Methods the pregnant and 12~18d mice were taken from the male and female Kunming mice. The pregnant mice were taken out of the gestation. The fetuses were taken out of the fetal body. The fetal viscera and the viscera were removed. After PBS cleaning for several times, the tissues were cut, the cells were digested by trypsin, and the primary cells were cultured, and they were cryopreserved by routine methods. 2:1
The results of the first three generations of mice into fiber cells in complex cells (non fibroblast cells) more diverse forms. With the increase in the number of passages, the cells gradually, cells connected into cells connected closely, boundary is not clear. Most of the cells with cytoplasmic 2~3 bulges, spindle shaped, a few round or irregular. The cell body is the location of the middle part of the nucleus slightly uplift, clear cell outline, three-dimensional sense of strong granule in cytoplasm of cells. Rarely, more transparent.
Preparation of experiment two MEF feeder layer
Objective to prepare the MEF feeder layer for the cultivation of ES in mice.
Methods the logarithmic growth phase of the MEF, with a final concentration of 10 g/ml mitomycin C 2h.PBS fully washed five times. The digestive cell concentration was adjusted to 0.5x106 /ml, even after 0.1% planting to gelatin coated 6 well plates.
The results of MEF feeder cells after treatment with mitomycin C, implanted into 6 pore plate, 2~3d cell confluence, closely connected. Monolayer growth was observed under inverted microscope before action and drug compared to the number of MEF cells decreased slightly, cell morphology has not changed significantly, most of the cells were spindle shaped, uniform size, arrangement the rules, a clear boundary.
Select the appropriate time and concentration of mitomycin C on the function of feeder layer is critical. Mitomycin C was 10 g/ml with the concentration of MEF 2h, feeder cells no longer proliferation while maintaining good survival status of.MEF cells after mitomycin C treatment, 1~2w will decline to death.
The growth characteristics of experimental three mouse ES cells on the MEF feeder layer
Objective To observe the growth of mouse embryonic stem cells (ES) on the MEF feeder layer.
Methods the feeder cells from primary mouse fibroblast (MEF) treated by mitomycin C were removed, and the feeder layer culture fluid was removed, and the culture medium of mouse embryonic stem cells (ES cells) was replaced. 5x105 cells from ES cells were evenly distributed on the surface of feeder cells.
Results after embryonic stem cells (ES) were inoculated to MEF feeder layer two days later, cells grew and formed ES clones.
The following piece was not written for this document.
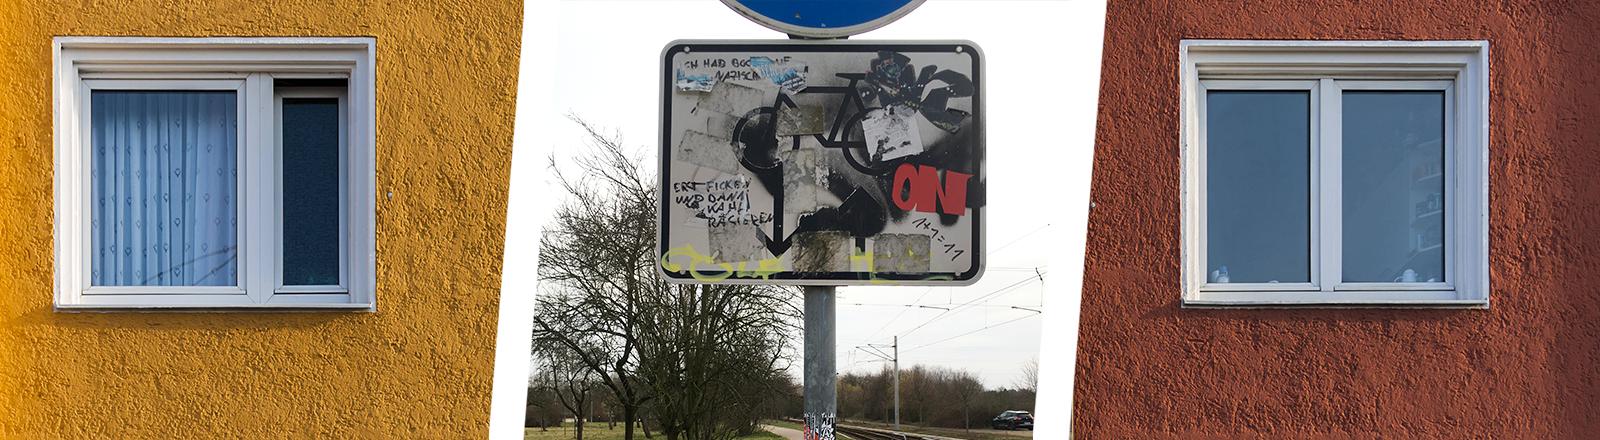 Collage: Häuserwand und beschmierte Straßenschilder

The clones gradually increased, grew up and showed islands. The cloned edges were clear and dense, and the boundaries were clear with the surrounding feeder cells.
Observation on the differentiation of ES cells in Experiment four MEF feeder layer
Objective To observe the differentiation of embryonic stem cells on the feeder layer.
Method
1. alkaline phosphatase (AKP) staining was used to wash the embryonic stem cells from two feeder layers with PBS for three times, 4% 10min to immobilized 10min at room temperature, three times to wash with PBS, 20-30min was added to NBT/BCIP, the color was observed under inverted microscope, and the reaction was stopped at the right time.
2. OCT-4 were detected by immunofluorescence staining. At room temperature with normal Donkey Serum (PBS 1:10 dilution) blocking antibody specific non specific ES. Adding OCT-4 antibody (PBS 1:500 dilution) after 4 degrees CC degrees C degrees overnight incubation.PBS repeated washing, adding fluorescent labeled donkey anti two Rabbit anti 1H incubation at room temperature, PBS after repeated washing, 50% glycerol mounting.
Results the expression of ES on OCT4 cells was detected by immunofluorescence, ES cell clones MEF feeder layer on the green fluorescence on the.MEF feeder layer of ES cell clones of alkaline phosphatase (AKP) staining was purple blue. The experimental results show that the MEF feeder layer of ES cells is still in an undifferentiated state, MEF can maintain cell feeder layer pluripotent embryonic stem, maintaining their undifferentiated state.
The support effect of the second part of human fetal lung fibroblast (hLEF) feeder layer on mouse embryonic stem cells (ES)
The selection of the best concentration of mitomycin hLEF in Experiment 1
Objective to prepare the human fetal lung fibroblast (hLEF) feeder layer by selecting the proper mitomycin concentration.
Methods the digestive cells, adjust the cell concentration, inoculated in 96 well plates, 37 oC, 5%CO2 in cultured 24h. per hole adding MTT solution (5mg/ml) 100 L, incubate for 4h, suction abandon medium, adding DMSO150 L, 10min. 492nm wavelength calibration shock colorimetric determination of OD by enzyme.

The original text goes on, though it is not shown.